Wake Up Call: Dentons Delays Opening of Dublin Office, Citing Covid

July 10, 2020, 12:44 PM

In today’s column, a federal judge ordered Jones Day to hand over associate pay data to the six women lawyers suing it for gender bias; some Georgia courthouses are shutting down again after judges and employees tested positive for Covid-19; Pennsylvania and Kentucky are the latest jurisdictions to replace in-person bar exams with online tests because of the pandemic; despite Hong Kong’s political unrest, it was still Asia’s top lateral market last year; a former Big Law associate’s Turbo Tax-like tool is helping young immigrants with filings needed to avoid deportation; Cleary advised Sony on a $250 million investment into Epic Games.

  • Leading off, Dentons, the world’s biggest law firm by headcount, said it is postponing the launch of its new office in Dublin by four months, to September, because of the impact of the Covid-19 pandemic, according to reports. Announcing the office in January, the firm said it would target clients in the city’s aircraft leasing, financial services, and technology businesses. (GlobalLegalPost.com) (The Lawyer)

  • U.K. firm Fieldfisher is gradually raising its in-person work capacity to 25% in its London office, which it has kept open in a limited capacity during the pandemic. (The Lawyer)

  • Another U.K. firm, Watson Farley & Williams, said it plans to lay off some personal assistants whose jobs have been made redundant by remote work. Katten Muchin Rosenman said last week that its new Covid-inspired workflow had eliminated need for certain administrative staff positions. (The Lawyer)

  • As U.S. Covid-19 cases hit almost daily records, some Georgia courthouses that had begun restarting court operations are closing again because employees and judges tested positive for the virus. (Daily Report)

  • “It was like nothing I’ve ever experienced and hope to never experience again,” said the top lawyer for a New York hospital and health care system operator, commenting about her work during the pandemic. (Corporate Counsel)

  • Law firms planning to reopen their offices should carefully consider the predicament of associates who are parents of small children, a report says. (American Lawyer)

  • Digital signature company DocuSign Inc. acquired online notarization specialist Liveoak Technologies this week in a $38 million deal.
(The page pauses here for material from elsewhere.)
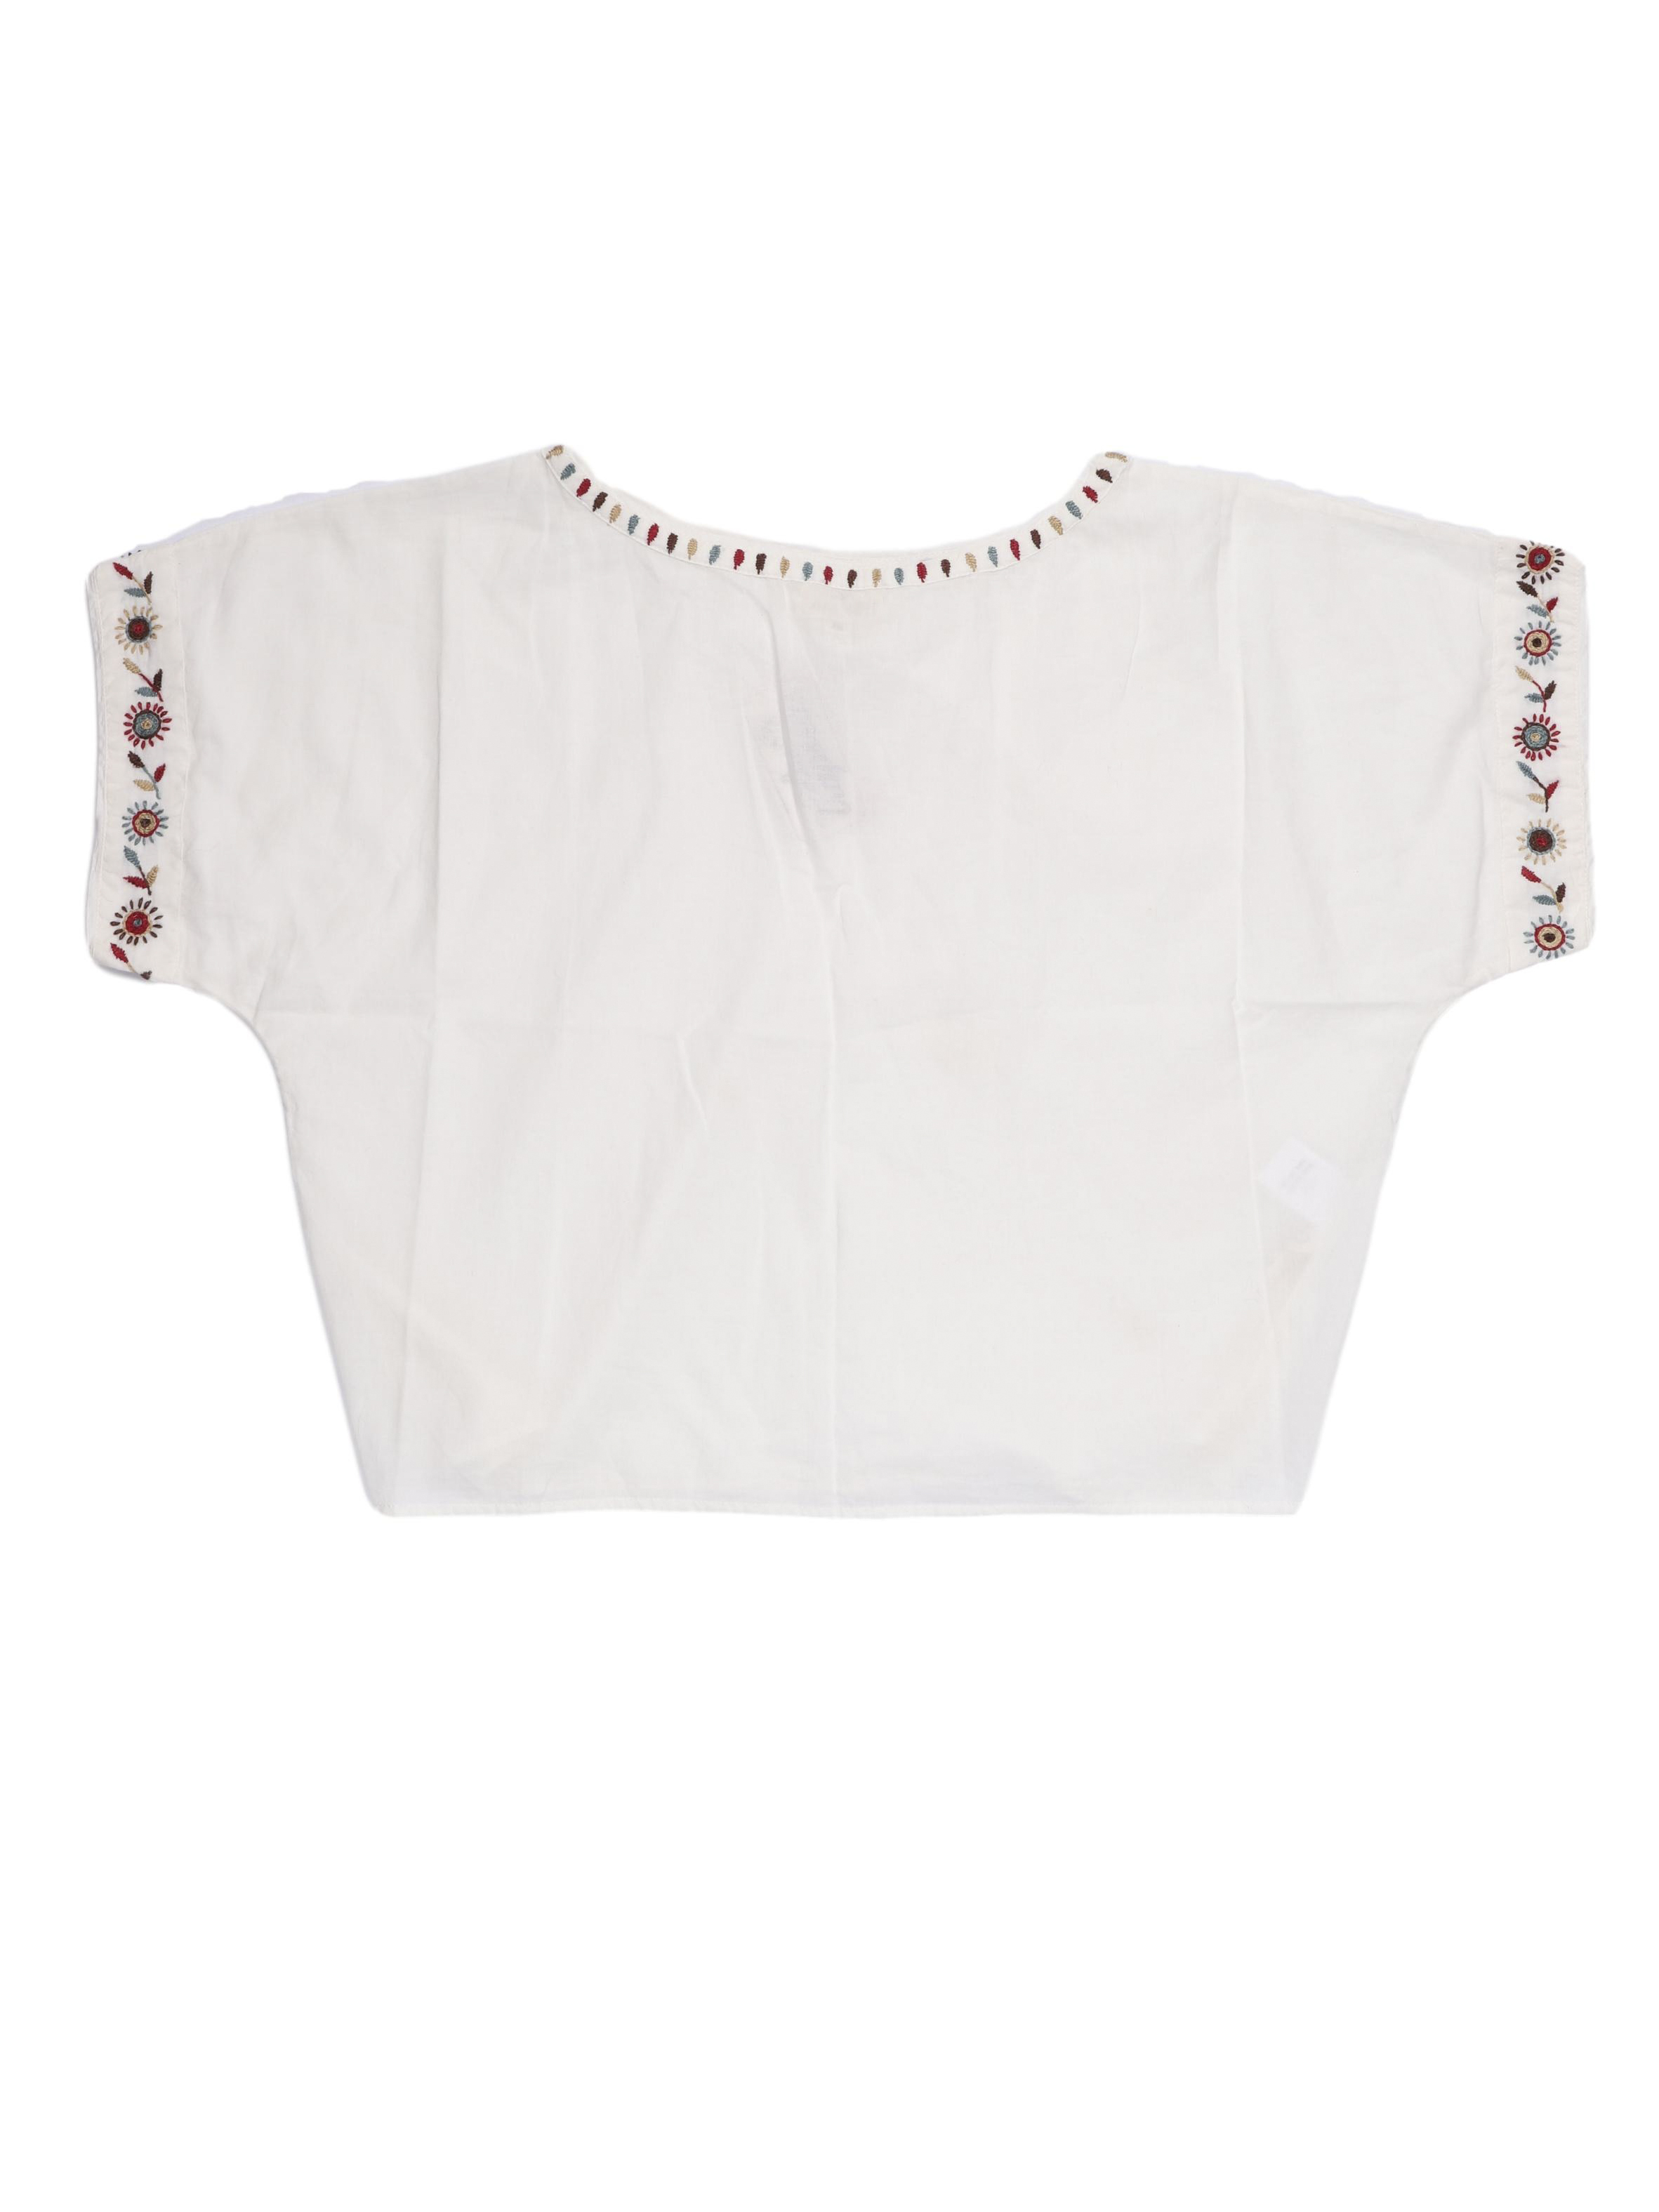 Blusa oversized Anokhi de algodón orgánico crema con detalles bordados en cuello y mangas. Hermoso y rico al tacto. Precio original S/ 230

The acquisition comes as more people look to do notarized transactions remotely because of Covid-19. (Bloomberg News)

  • The pandemic has spurred lawyers to finally try legal tech tools like Docusign, as well videoconferencing,and cloud computing remote working tools, writes a lawyer at a practice management software company. (Above the Law)

Lawyers, Law Firms

  • Despite Hong Kong’s political unrest it remained Asia’s biggest market for legal recruitment, a report says. (The Lawyer)

  • Jones Day must provide six female lawyers suing the firm for gender bias with salary data for all associates who worked in any of its U.S. offices between 2012 and 2018, a Washington federal court ruled yesterday. (BLAW)

  • Perkins Coie said it will donate $2.5 million over the next five years and expand its pro bono efforts and other actions aimed at promoting racial equality and justice. (PerkinsCoie.com)

  • A former Big Law attorney who co-founded a Turbo Tax-like solution to help consumers file for bankruptcy is now using legal tech to help young immigrants called “Dreamers” with filings to avoid deportation. (Legaltech News)

  • Cleary Gottlieb said it is advising Sony Corporation on its agreement to invest $250 million to acquire a minority interest in Epic Games, Inc. (Bloomberg News)

  • Cooley said it advised corporate directory startup Rimeto on its acquisition by workplace collaboration platform Slack. (Tech Crunch)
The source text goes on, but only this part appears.